DEADLINE: Where does it make sense to open next?

DUMAS: Spain. It’s not done but it’s the logical next step. We want to be methodical and we want a common level of expertise in all our territories.

DEADLINE: Will you be looking to sign talent and creatives to production deals?

RIANDEE: Whatever makes sense for creatives. Last fall, we signed a deal with Birdman co-writer Armando Bó with whom we made The President. This is to develop series and films together.

DEADLINE: Gaumont US had a bumpy ride some years back, including the acrimonious exit of former head Katie O’Connell Marsh. How is it doing today?

RIANDEE: It’s doing well. We announced a reorganization last year so that all the Americas divisions would be housed under one roof and one leadership led by Nicolas Atlan: US live action, Latin American content, animation etc. We’re expanding and hiring people and want to do more in Latin America following the success of Narcos and The President.

Narcos, Netflix

DEADLINE: The company’s overall balance sheet a couple of years ago was challenged. Your results up to December 2021 looked quite a bit better. What is the outlook?

RIANDEE: Our annual results were published recently. After two years of suffering because of Covid (movies canceled, shows postponed, additional costs etc), our end of 2021 results showed positive P & L. So, we are happy with that. It was a tough six months at the beginning of Covid but we managed to develop a lot during the pandemic.

DEADLINE: And you continue to have an international sales team, right?

RIANDEE: There’s an international sales team selling movies and TV but a lot of our shows are made with streamers who want the world so our team is relatively small compared to the likes of BBC Worldwide and Sky.

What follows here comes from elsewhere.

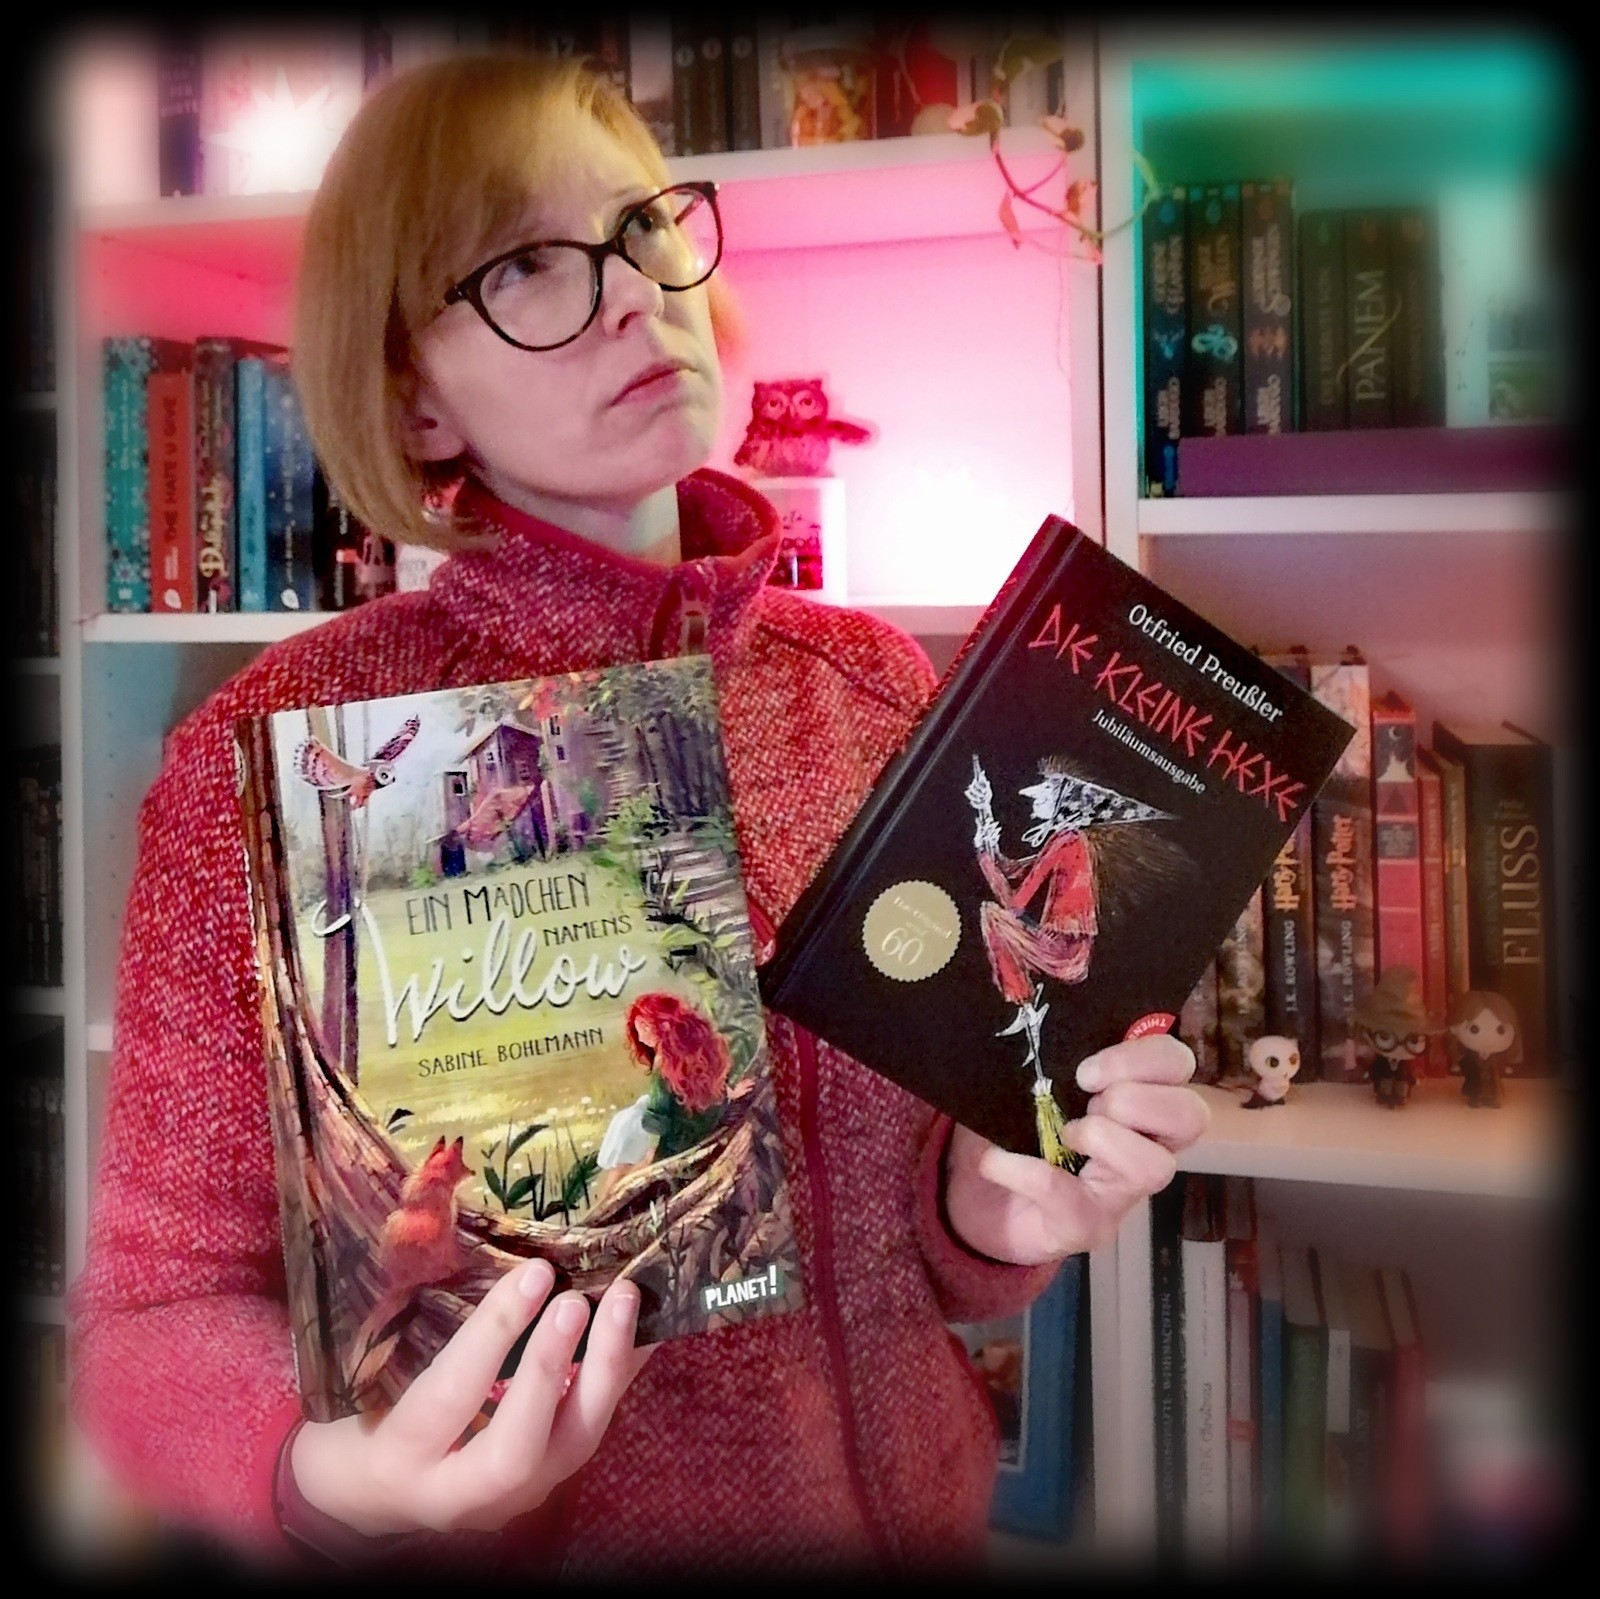 Hexen in Kinderbüchern – Modern vs. Traditionell: „Ein Mädchen namens Willow“ von Sabine Bohlmann + „Die kleine Hexe“ von Otfried Preußler

DEADLINE: Hollywood continues to look into Europe and further afield for acquisition and investment opportunities. You’ve always been a family business. Do you see that continuing?


DEADLINE: It’s certainly a fertile time for international companies. France and French companies are a big part of that…

RIANDEE: I think it’s important to note that we’re not only a French company. We are also a British company, a German company, an Italian company, an American company. We have French roots but we see ourselves more global than that. We are very proud to be French and we are big supporters of French talent but we’re also proud to have expanded in the rest of the world. We also support German talent, Italian talent. Frontiers are disappearing and shows are traveling more. We are at the beginning, I think, of another big change.